Sue Ann shades her eyes from the bright sunlight, looking around for Sable. She sees him lying under the bleachers a ways off, chewing on the stick he had earlier. She makes a circle with her thumb and first finger and puts the tips of them to the tip of her tongue whistling shrilly. "Sable, come wake up Luke."
"You don't need him with that whistle." A deep, sleepy voice mumbles from inside the ragged sleeping bag. She encourages Sable to play with Luke by pushing at the sleeping bag with the toe of her boot. Sable grabs the bag and shakes it, growling and pulling. "Luke, you have to be hauling it out." She tells him, knowing from experience that it will take him a little time to get up and moving. Sable continues pulling on the sleeping and growling. Luke groans and mumbles. The noise encourages the dog. He jumps on the bag and starts digging.
"Sunflower! Call 'im off." Luke growls. "I'm getting up. But I can't if he's standing on top of me." Sable's tail is wagging and he barks at the voice coming from the sleeping bag.
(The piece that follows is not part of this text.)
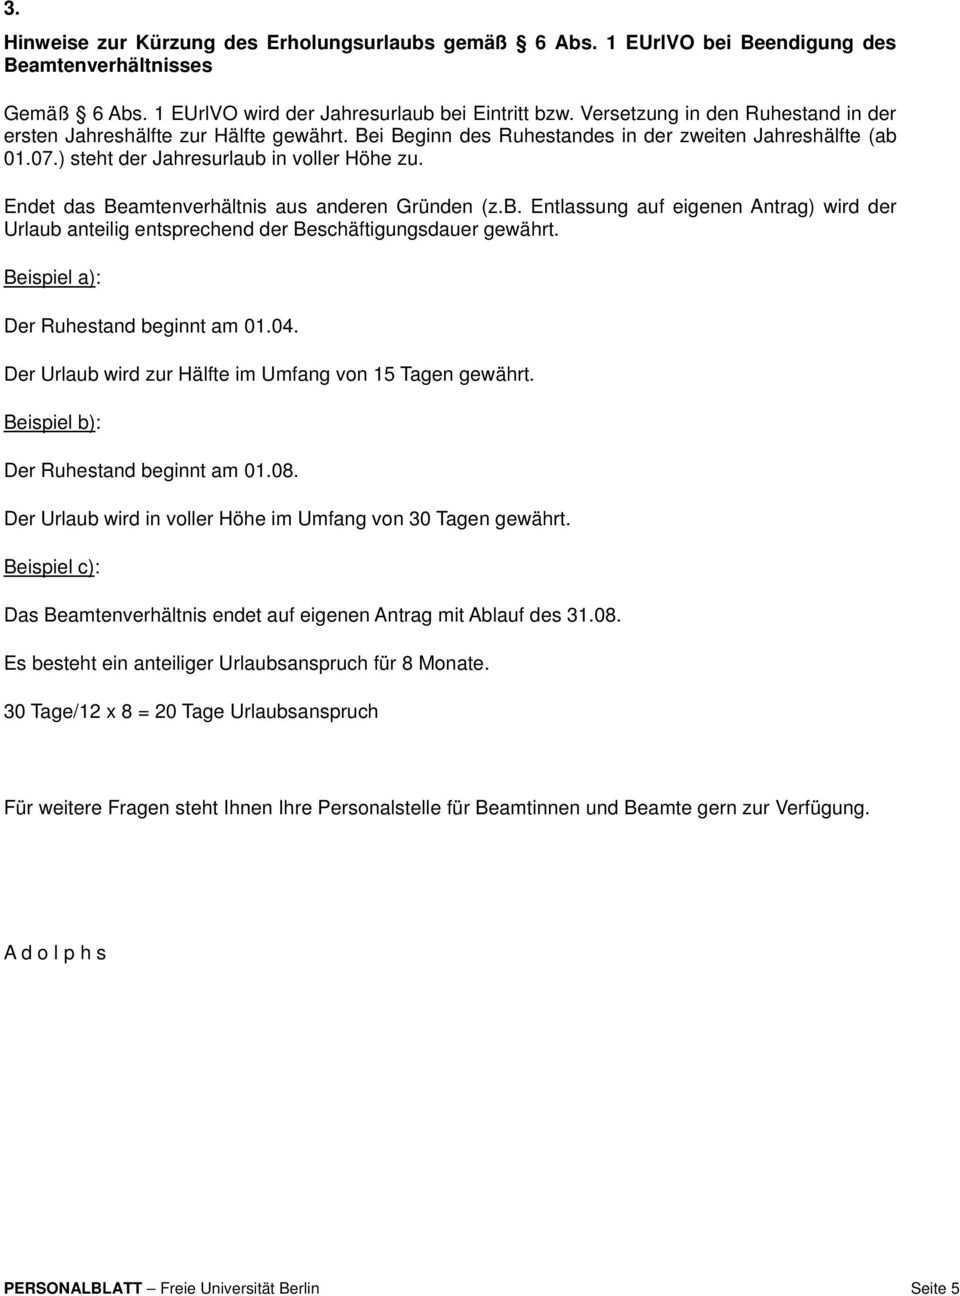 Informationen Fur Beamtinnen Und Beamte Zum Erholungsurlaub Pdf Free Download

"Go get a stick, Sable." Sue Ann tells the dog pointing away from Luke. The lab runs off in hopes of finding a stick and getting to play fetch.
A mass of dark ruffled hair emerges from the sleeping bag. Luke's looks are in sharp contrast to his sister's. Their looks are as different as their characters. Luke is tall and muscular with a dark complexion. His dark brown hair is full and curly which usually makes it very unruly. His eyes are as dark as pieces of coal. His view of life is to take one day at a time; don't worry about tomorrow. His philosophy is 'what will be, will be'.
Sue Ann's waist long hair is blond and straight. She usually keeps it in a long single braid hanging down the center of her back. Her blue eyes and ivory skin are almost perfect. Her features are petite and dainty. She stands five feet &8211; two inches tall when she has her boots on. She might weigh 100 pounds if she is soaking wet. She has her whole life planned out; what rodeos she's going to for the next year and what she is going to do with all the money she makes. There's no room in her plans for failure. The thought has never crossed her mind.